И когда автор выходит на первый план или меняет дальний план на ближний — возникает огромнейший соблазн, избежать которого, наверное, очень трудно. Бряцать на неких терапевтических струнах. Т.е. устраивать себе сеансы терапии с помощью художественного высказывания. В моей системе это неприемлемо. Категорически. Я знаю, что у других это работает. Мне — нельзя. Потому что свои личные перекосы нужно лечить в других местах. Сходи на бульвар, выпей анисовой у Эфи, иди считать желтоухих скворцов в парке Независимости, потом вернешься, и все образуется. Но не надо открывать медицинские учреждения внутри высказывания. Еще раз: я говорю только про себя. Т.е. открытые эмоции — это не я. Они у меня в новой книжке есть и только мешают, по-моему. Только мешают.

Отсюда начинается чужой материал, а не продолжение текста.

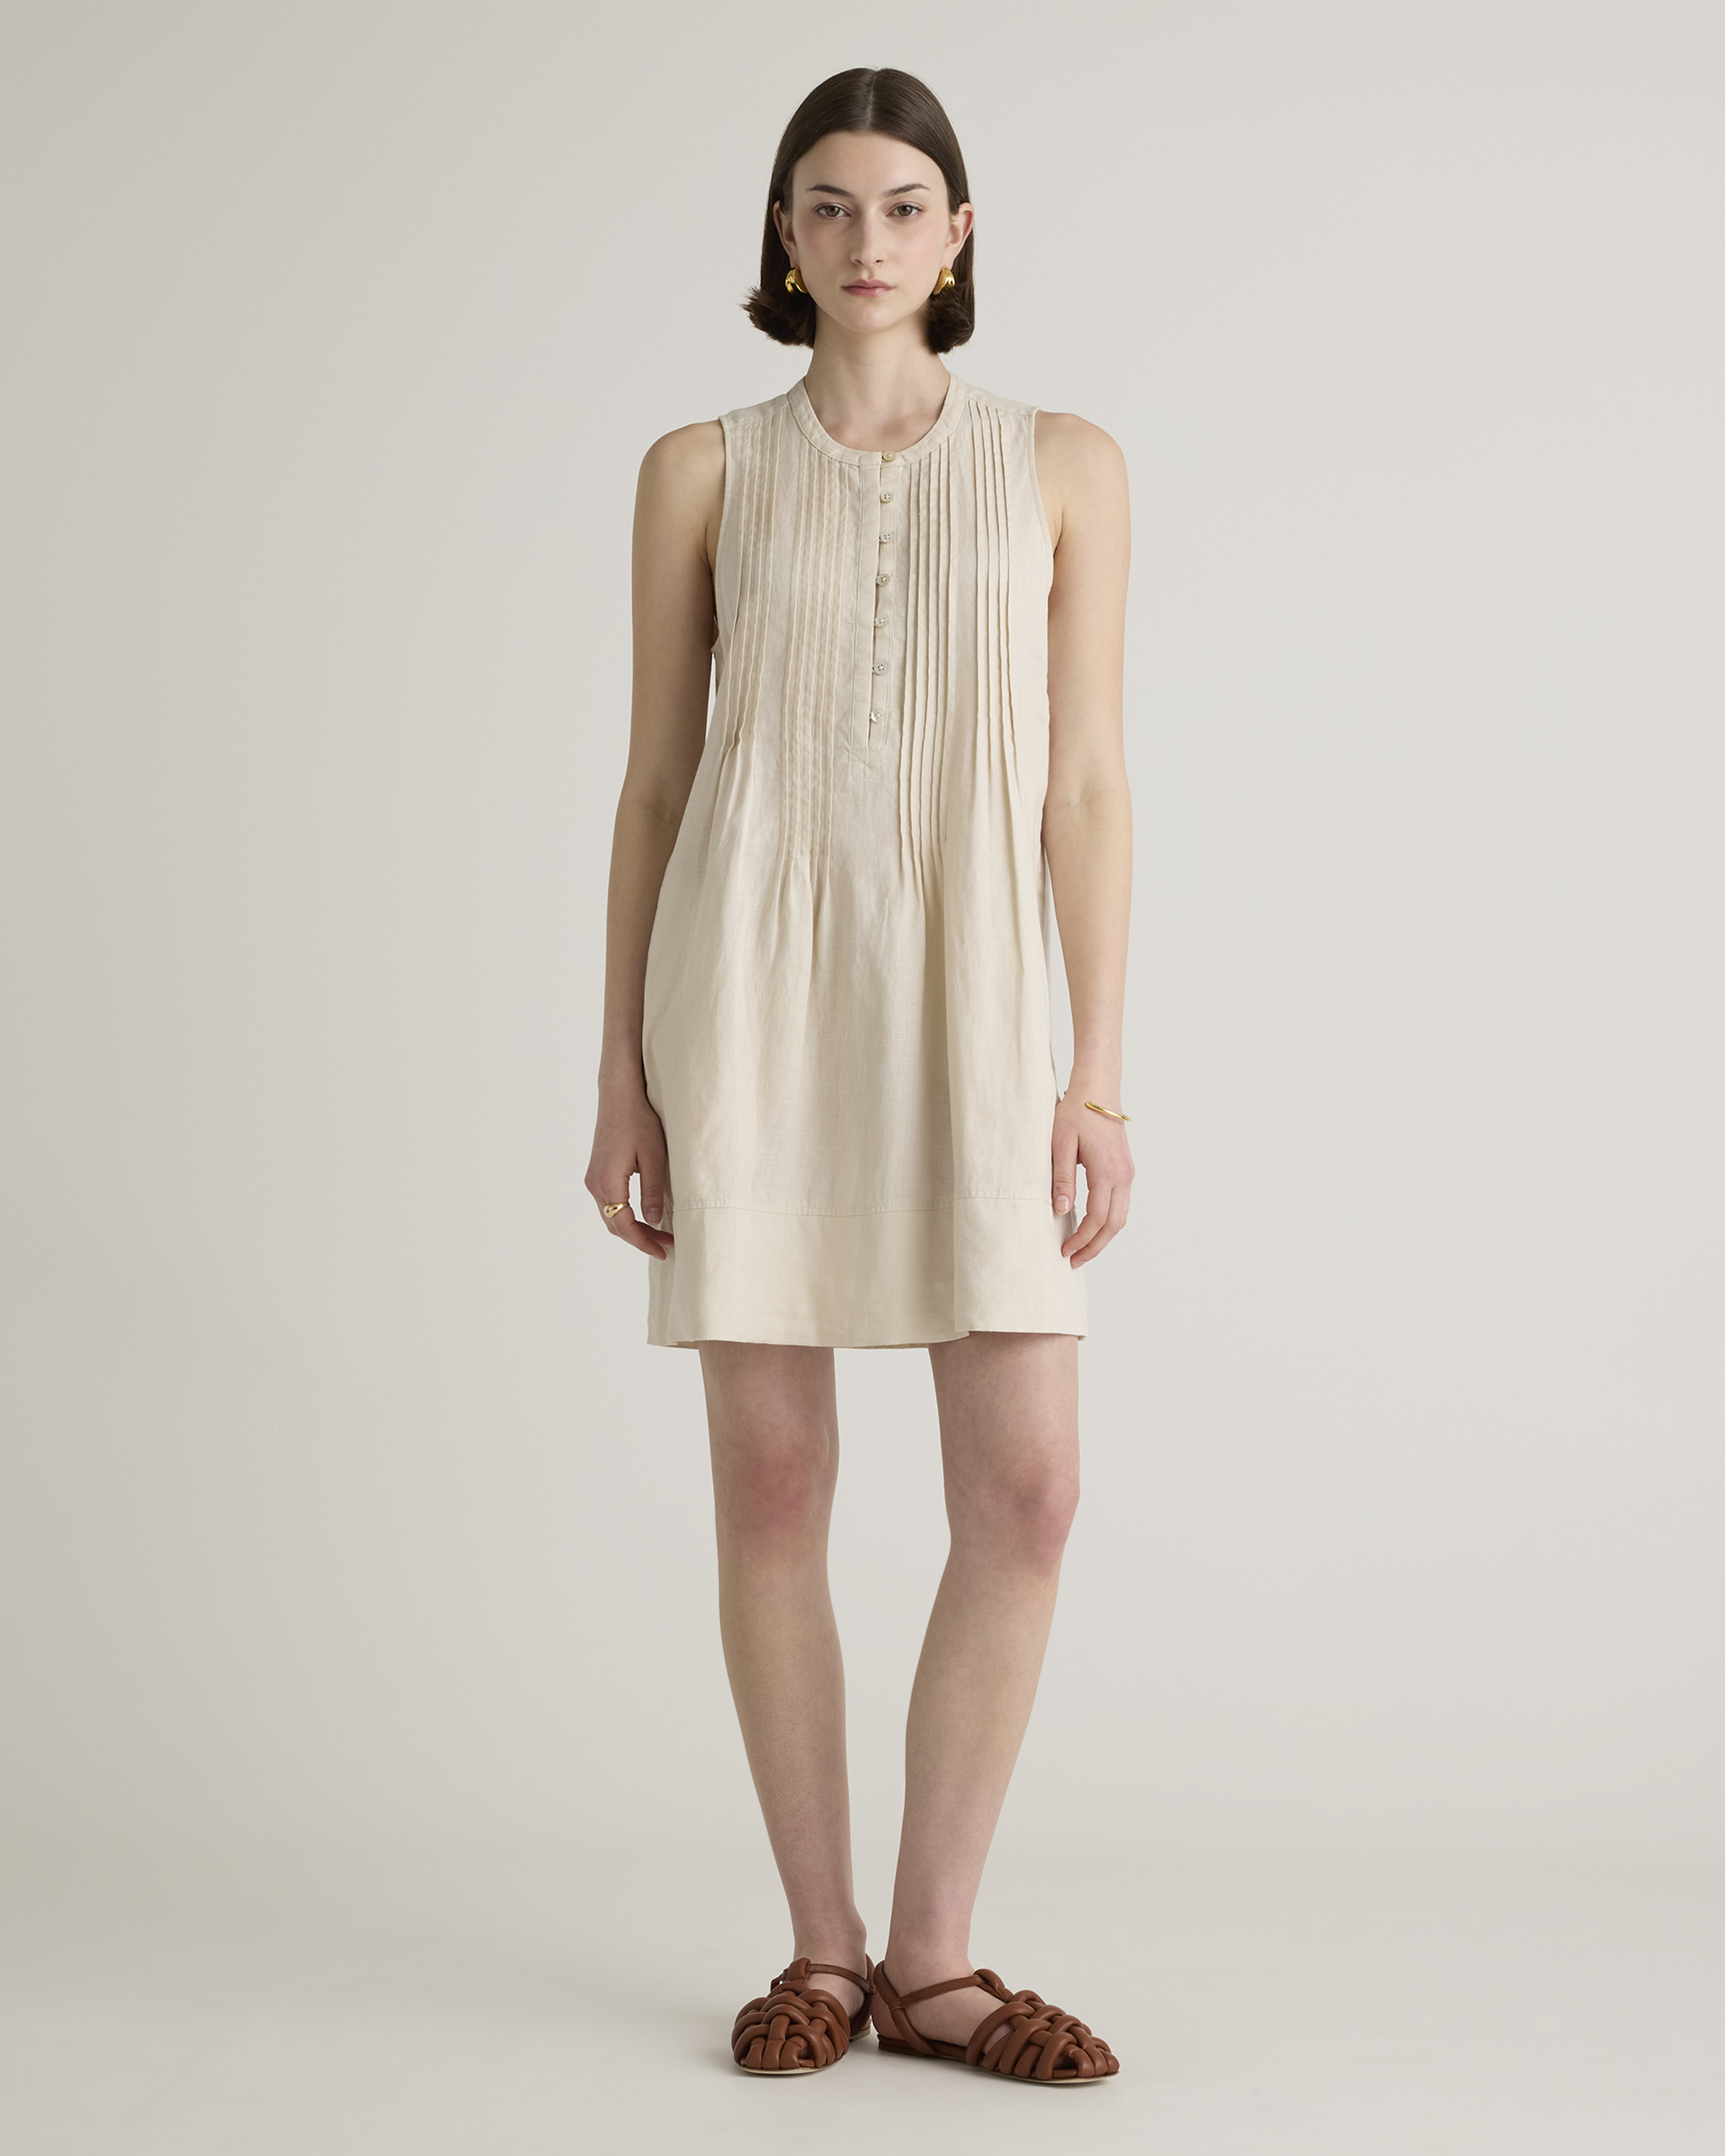 Shop Quince Women's 100% European Linen Sleeveless Swing Dress In Sand

Я пытался представить, что никакой новой книжки нет и осталась только одна «Ботаника». И, представь, со спокойной такой уверенностью сам себе могу сказать, что больше ничего и не надо. Да, больше ничего и не скажешь. Даже если там будут новые звуки. В принципе, ты свои пространства, вернее, планету уже показал. Ты можешь беспрестанно фотографировать с разных сторон. Но планета уже существует.

© Новое литературное обозрение

— За фразой «ты свою планету уже показал» стоит некое целеполагание: именно это и было целью, именно это и было важно. Почему?

— Это единственное поле, где я по-настоящему отвечаю за свое высказывание. На этой планете я отвечаю за каждую травинку.

— Тогда как начались эти новые тексты из «Николая»? Понадобилось показать другой ракурс той же планеты? Возникла другая планета?

— Была иллюзия, что я могу переместиться в другие дали. Я не думаю, что это произошло. Я думаю, что это та же самая твердь. С другой стороны, поскольку мы говорим об очень небольшом объеме — я не жалею о том, что было сделано после «Ботаники». Но это не новая книга. Нельзя сказать, что это еще одна «Ботаника», но, в общем, соседний огород. Это, если упрощая, грузовик с прицепом. Это не еще один грузовик.

Может быть, будет уместно разместить здесь условное предисловие от автора, которое в новую книжку не попало по причинам скорее эстетическим.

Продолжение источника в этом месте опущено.